На улице, желтой от фонарей, от миллионов горящих окон, среди бьющих в глаза вывесок магазинов, в сивушном, пропахшем газами автомобилей воздухе — он удивился живым, будто у родника в вольных, бесконечных полях, свежим побегам, врастающим в сердце.

По пути на квартиру молчали, шли рука в руку. Не смотрели на город, только друг на друга.

Потом, на кухне, за цветастой потертой скатертью она пила из граненого стакана большими глотками холодное шоколадное молоко, широко кусала творожное кольцо, с усилием прожевав, высовывала от удовольствия язык и, совсем ребенком, незадачливо смеялась.

 

Звериной тропой

 

Выше густого ивняка, над водой нарезал круги потревоженный ястреб. Птичий крик звучал резко, отрывисто. Он сдернул с плеча ружье, на ощупь достал патроны.

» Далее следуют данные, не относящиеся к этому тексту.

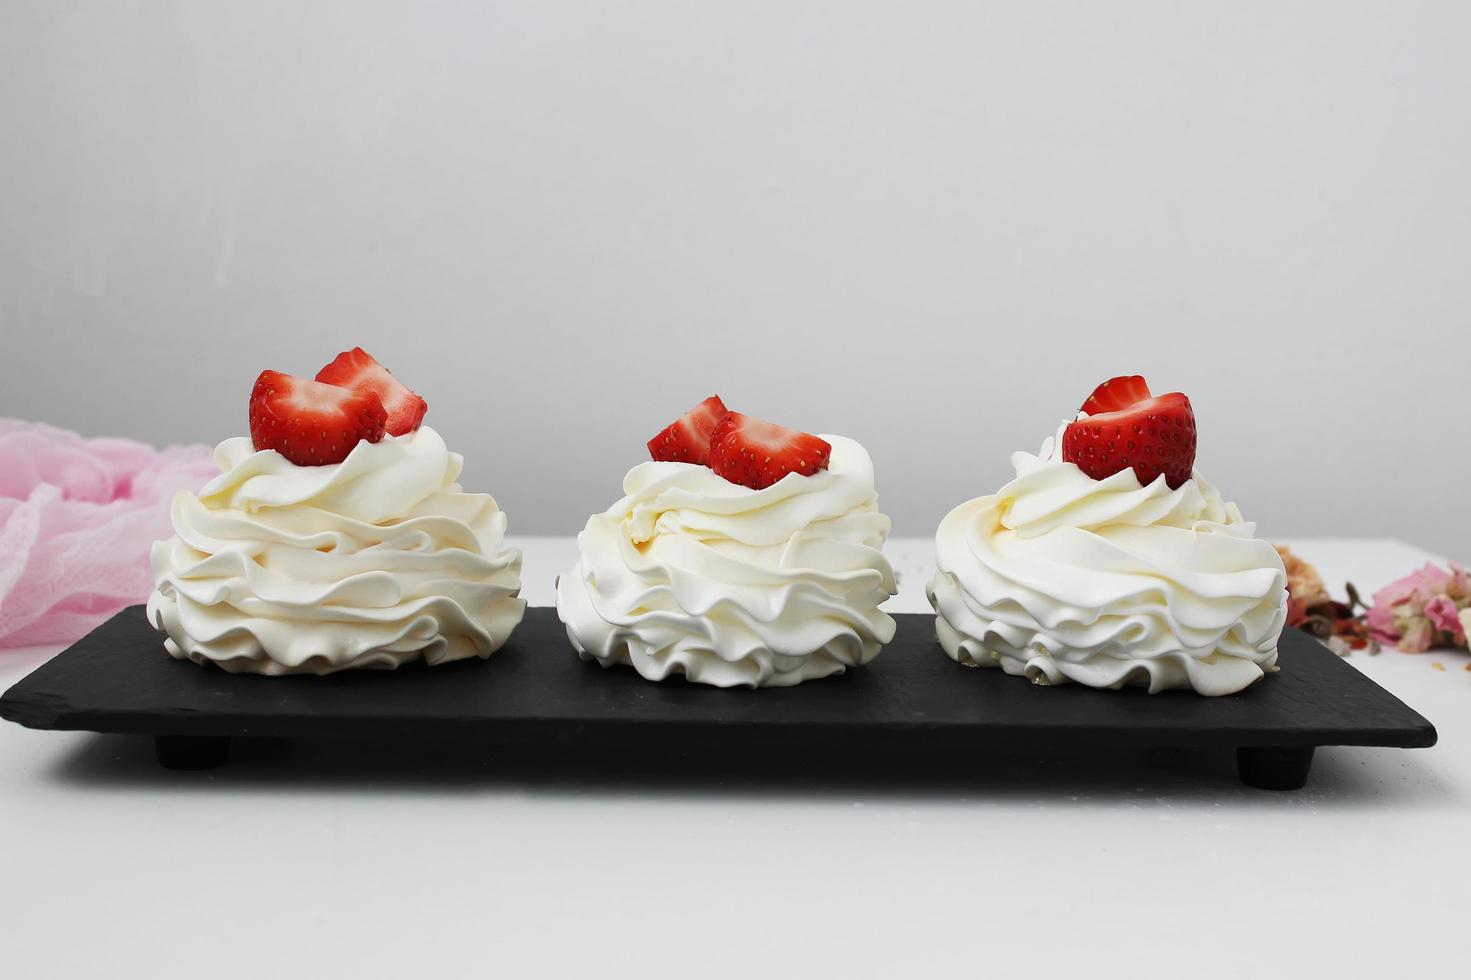 cupcakes con crema blanca y fresas en un plato negro. foto horizontal.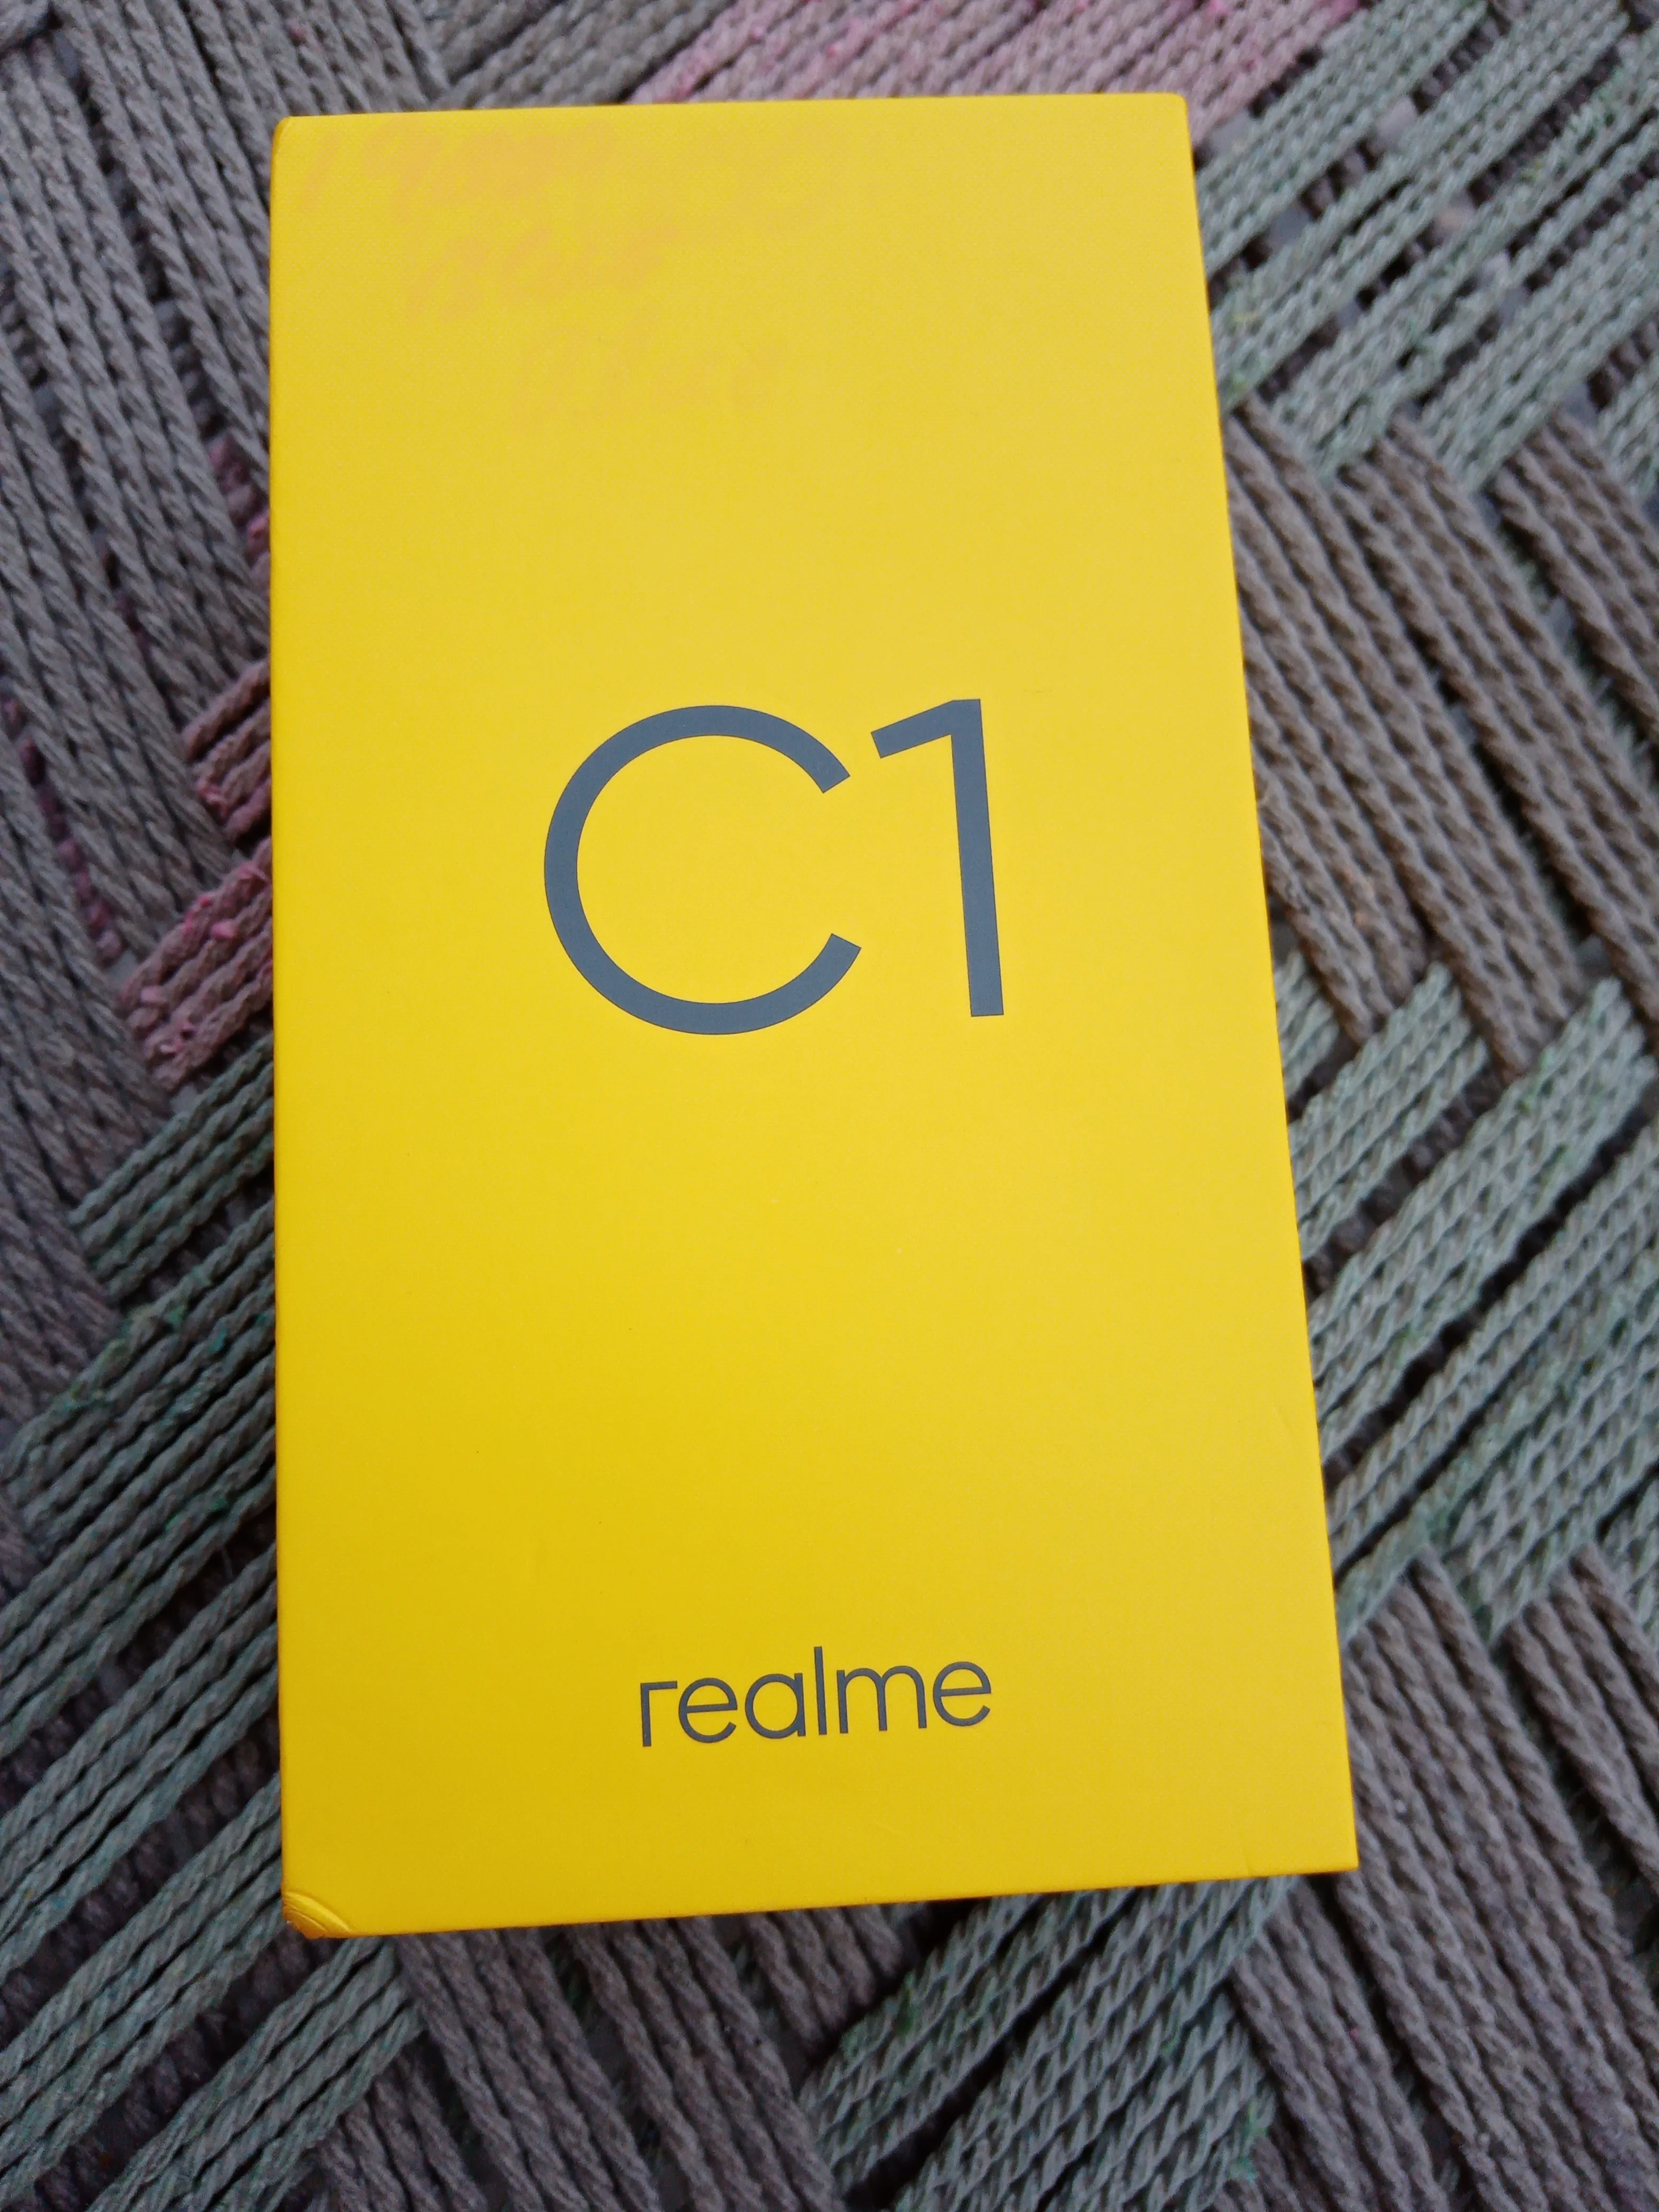 Realme C1 - photo 1

Зарядил и, глухо хрустя болотными травами, двинулся к широко разлитой от половодья бобровой запруде.

Неделя как сошел лед. Полевые птицы еще не начали распев, но было совсем тепло.

Он щурился на солнце, сверкавшее отовсюду. Вскинул двустволку на всплески в камышах. Легко посвистывая, не страшась выстрела, перед ним набирала высоту пара крякв. Червленая мушка села под блестящего перламутровой головой селезня, провела за ним черту по белесому небу и сникла. Он совсем не умел разбивать пары, стрелял одиночек. Утки дали круг горячей апрельской любви у него над головой, ушли по речке, буйной стремниной убегавшей от озерка по лощине. Еще недельку-другую полетают, потом она найдет себе скрытное местечко в дебрях или затопленных камышах и сделает гнездо, подумал он, закинув стволы за спину.

С тихим наслаждением от весны, после слабой на морозы, чавкающей зимы, обошел причесанный половодьем берег. У статной, разлапистой ели присел отдохнуть. Трава едва наметилась. Земля холодила.

Не хотелось сюда приходить. Но, как и каждую весну, в редкую неделю вольной охоты он сидел у столба и, не оборачиваясь, видел, как обрывками проводов покачивал на ветру черный смоленый столб, чернели остатки сожженного прошлогодним палом частокола, скрытые летом крапивой и лопухами. Из дубовой, огнем не взятой опоры — врастопырку рыжие гвозди. На обожженной воротине — закрывашкой проволочное кольцо. С робостью вспомнил, как поднимал это кольцо. Ломая сухой крапивный частокол, вошел на бывший двор. Навалом обломки печи, битый шифер. В заросшем саду — кусты одичалой смородины. На кустах черные, как ее глаза, блестящие ягоды. В тени яблонь в жару всегда было свежо… И вместо сухого бурьяна перед ним встали размашистые и длинные, до верхней дороги, грядки картошки, где среди высоких плетней белело пятно ее футболки…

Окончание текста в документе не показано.